Title Samenvatting Geneeskunde
Course Gerechtelijke geneeskunde en criminalistiek
Institution Katholieke Universiteit Leuven
Pages 37
File Size 921.7 KB
File Type PDF
Total Downloads 58
Total Views 120

Summary

Download Samenvatting Geneeskunde PDF


Description

Gerechtelijke geneeskunde: 1. Justitie en geneeskunde → het gerecht bestaat uit een staande (openbare aanklager) en een zetelende (rechters) magistratuur. De staande magistratuur staat in voor het opsporingsonderzoek en de verdachten naar de rechtbank brengen. Dit alles onder leiding van het parket, dus de PK. Men kan enkel vervolgd worden wanneer men een artikel uit het Sw overtreden heeft. De staande magistratuur is afhankelijk van het ministerie van justitie en staat onder de voogdij van de minister van justitie (is dus niet neutraal). De zetelende staat in voor de beoordeling, veroordeling en de strafmaat.

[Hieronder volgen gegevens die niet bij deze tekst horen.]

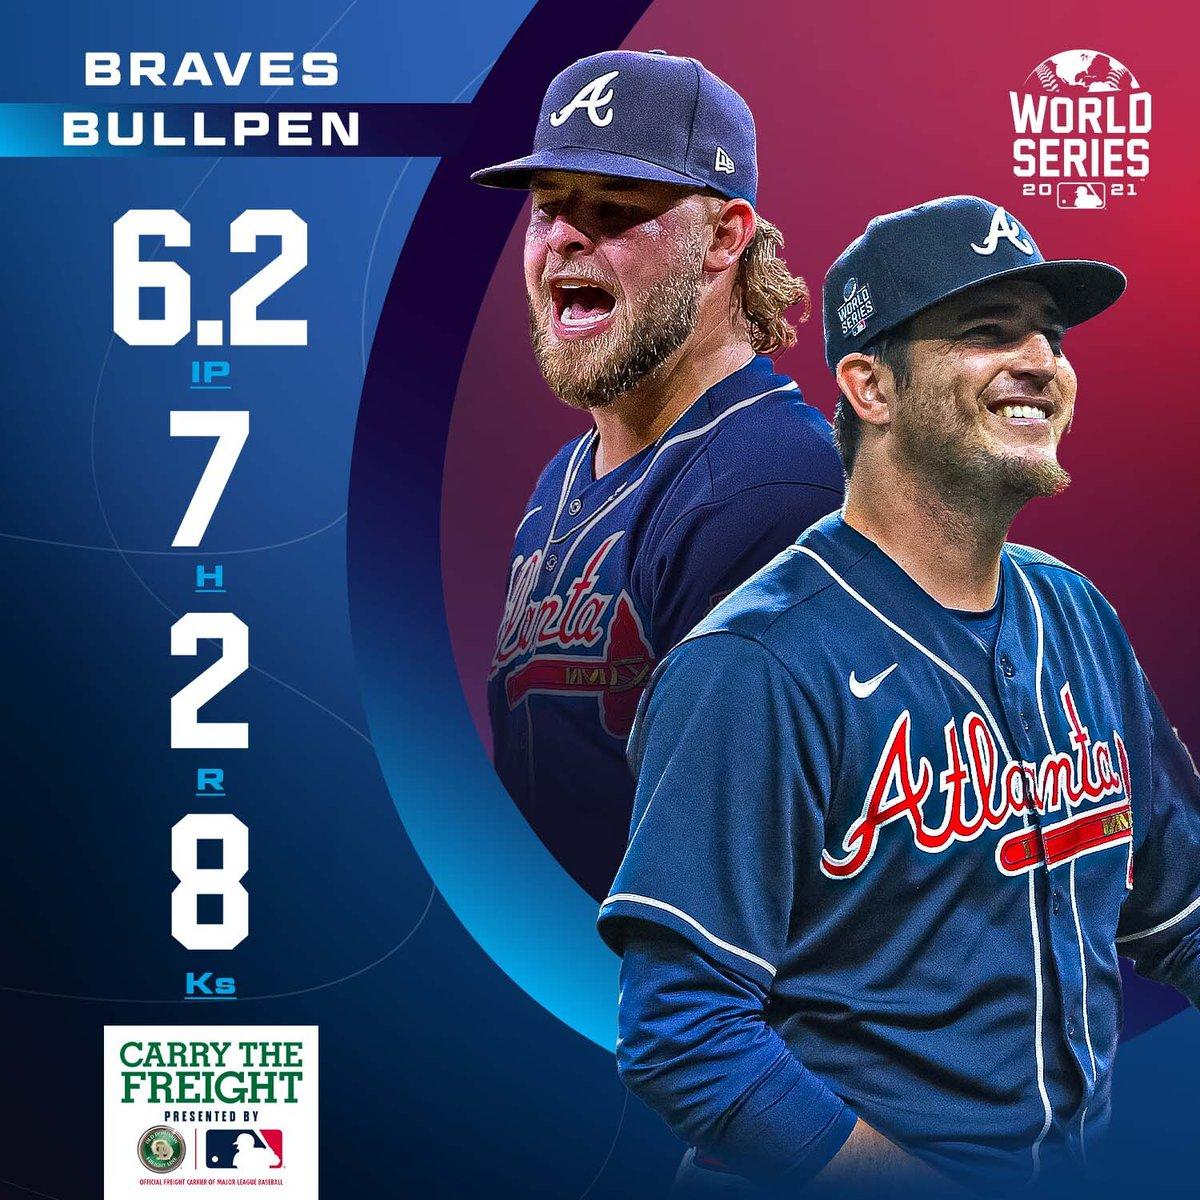 @MLB's photo on Braves

Deze is volledig onafhankelijk en het vooronderzoek gebeurt door de onderzoeksrechter. De rechter oordeelt op basis van innerlijke overtuiging en hoeft zich niet te baseren op materieel bewijs. Binnen de zetel zijn er rechters met bijzondere functie: deze zijn de onderzoeksrechters. Zijn bij wet totaal onafhankelijk maar wel verplicht om zowel het verhaal van het slachtoffer als het verhaal van de verdachte te onderzoeken. Steeds strikte wetgeving!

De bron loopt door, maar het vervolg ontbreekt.